Feedback wanted: Exporting Analytics Data


#1

The team is considering adding an export function to the Podlove Publisher Analytics feature so that episode download data can be exported to one or more files.

We’d like to collect feedback from you how you would want these files to be structured, what information it should contain and which format(s).

What kind of functionality we’d like to enable

Our front-end analytics are off to a good start. It looks as if we can produce stable results that provide actual insight into what’s going on with our podcasts but we’d love to be able to dig deeper. Before pushing out new features we’d love to see others doing statistical experiments with their data.

What is in the database

We are currently tracking Download Intents which is our name for a download that is expected to be triggered as the Publisher receives a request for the download URL from some program.

We store time and date along with user agent information and we generate a location by evaluating the IP address the request came from. We do not store IP addresses in the analytics database for privacy reasons.

This data is regularly aggregated so that it can be quickly displayed on the analytics page.

So any export could present either raw download data (with every single download on record) or aggregated data (by 24h).

Episode metadata description file

An upcoming release would also provide a general file (in XML and/or JSON format) containing the most important meta data about all episodes. This metadata would include both titles and descriptions as well as all associated media file names and image URLs. This file can serve as a reference for statistical software to display stats in a meaningful way.

What we need feedback on

Most important we’d love to get suggestions on

  • structure of the export format (XML, lined-based, JSON etc,)
  • which datapoints to include
  • if you prefer raw or aggregated data

Thanks in advance


#2

Here are my first thoughts about this:

I would prefer a simple csv file with a header line that can directly be opened in Excel if - and only if - the data structures really are that simple. In case it needs 1:n relations of course json or xml would be ok. It does not matter to me if it is xml or json. That’s just personal taste. I personally like json more but use xml more often.

Columns:

  • Number of Download intents and the dimensions and attributes from below (No 3).

Aggregated Number of download intents per day and typical other dimensions would be sufficient for me. The the dimensions could be:

  • Date
  • Episode id
  • A combination of Download Source and Download Context. (or even two dimensions if that makes sense.)
  • Episode Asset
  • Podcast Client
  • Operating System

So there would be I guess something between a hand full of entries to plenty of hundreds per episode and day depending of how successful the podcast is and if the episode was just released.

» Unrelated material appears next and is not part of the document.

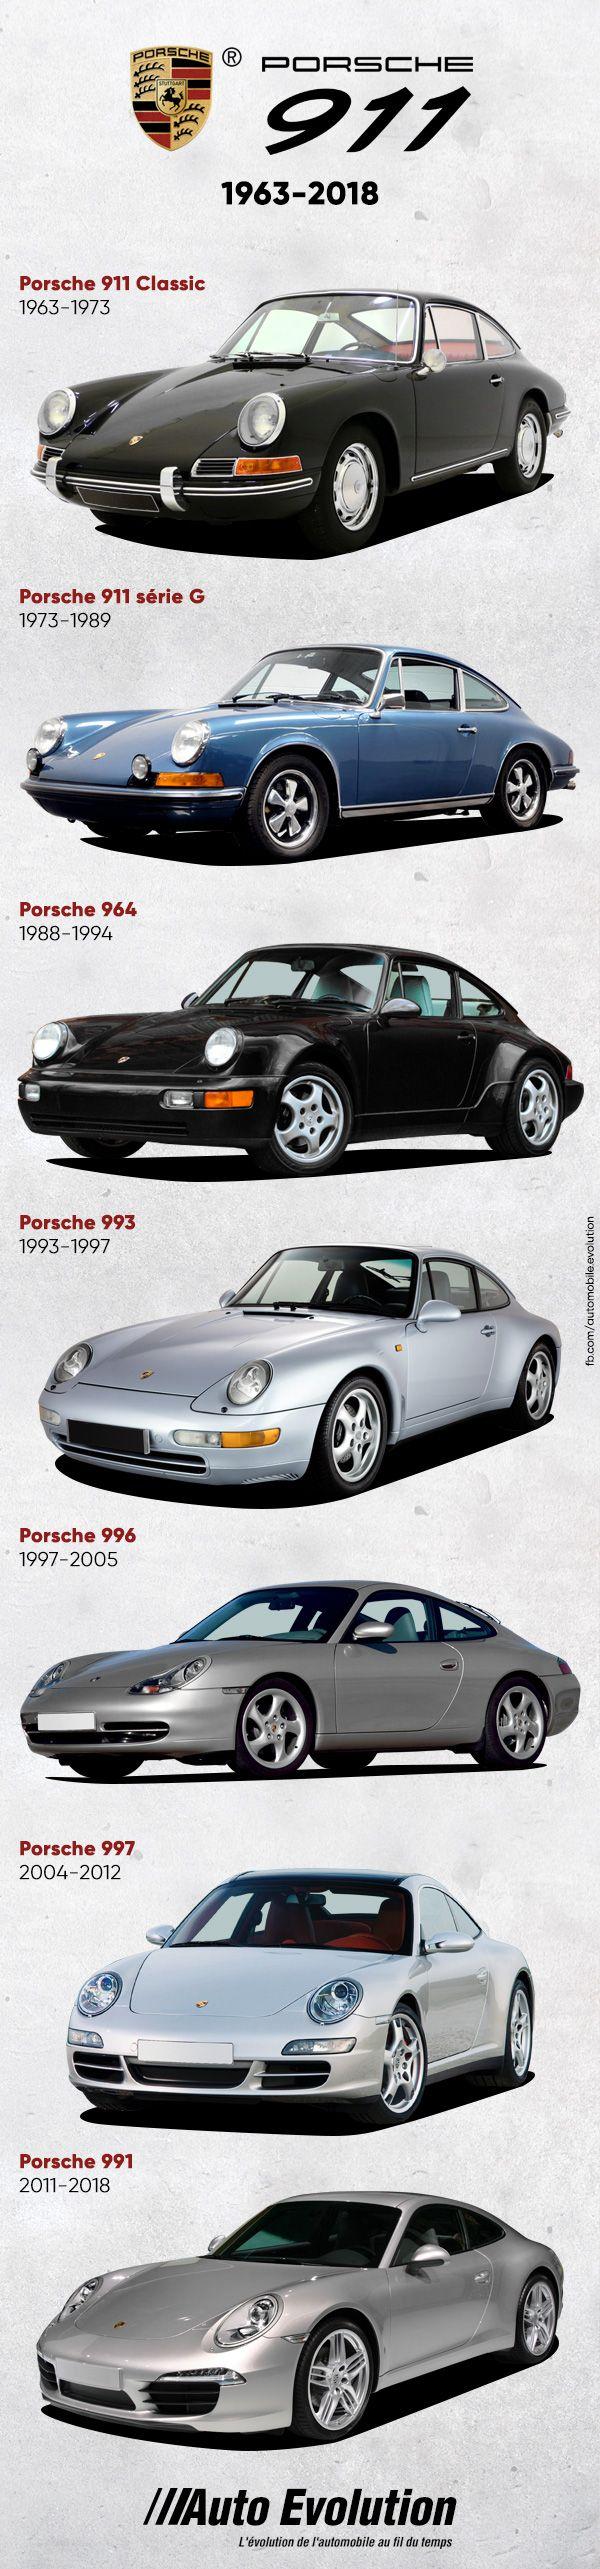 Porsche 911 evolution 911 history

Additional (redundant) attributes maybe:

  • Episode Name
  • Release Date
  • Episode length

#3

Hi,
I’d love to have this feature! I’m a data nerd and creating my own scripts for every niche use case I can think of would be awesome!
The more details the better — you can always filter things out, but it’s impossible to create more details. Nevertheless, it is important to have clear information about what is what. In my opinion, exporting one row per valid* download intend with as much data as possible (user agent, feed) and a timestamp is the best and at the same time easiest to handle solution.

  • As far as I know, podlove analytics are filtered, such that invalid request (e.g., from bots or of unpublished episodes) don’t show up in the statistcs. I’d do the same thing for a csv export.

For this, a line-based format (e.g. comma-separated values) is the most suitable as it is simple to interpret and creates almost no overhead.

The most important details (in my opinion) are:

  • timestamp
  • episode-id (name)
  • feed
  • user-agent
  • time after episode published

<tl;dr>

  1. CSV
  2. time, episode, feed, useragent
  3. raw (but with invalid data removed)

Thanks for your efforts, I’m looking forward to this amazing feature!


#4

I’m interested in XML & JSON equally in order to try out parsing those in R (inspired by).

Does it make a difference in the amount of coding work, whether simply all available datapoints are exported, compared to the amount of work needed to decide on the subset?

Aggregated by default, raw as an option.


#5

I have a feature request re the analytics. The first 50 or so episodes of our podcasts were published before podlove analytics were around. We have download numbers derived from the server logs re each episode for this period of time until we enabled podlove analytics. For our all time record I’d like to add those numbers as a starting offset to these first 50 episodes in the podlove analytics, maybe by once uploading a CSV file.

Right now I’m manually adding those historical numbers to the podlove analytics number in a spreadsheet to get the whole image for all episode. But that kind of sucks. Thanks for considering!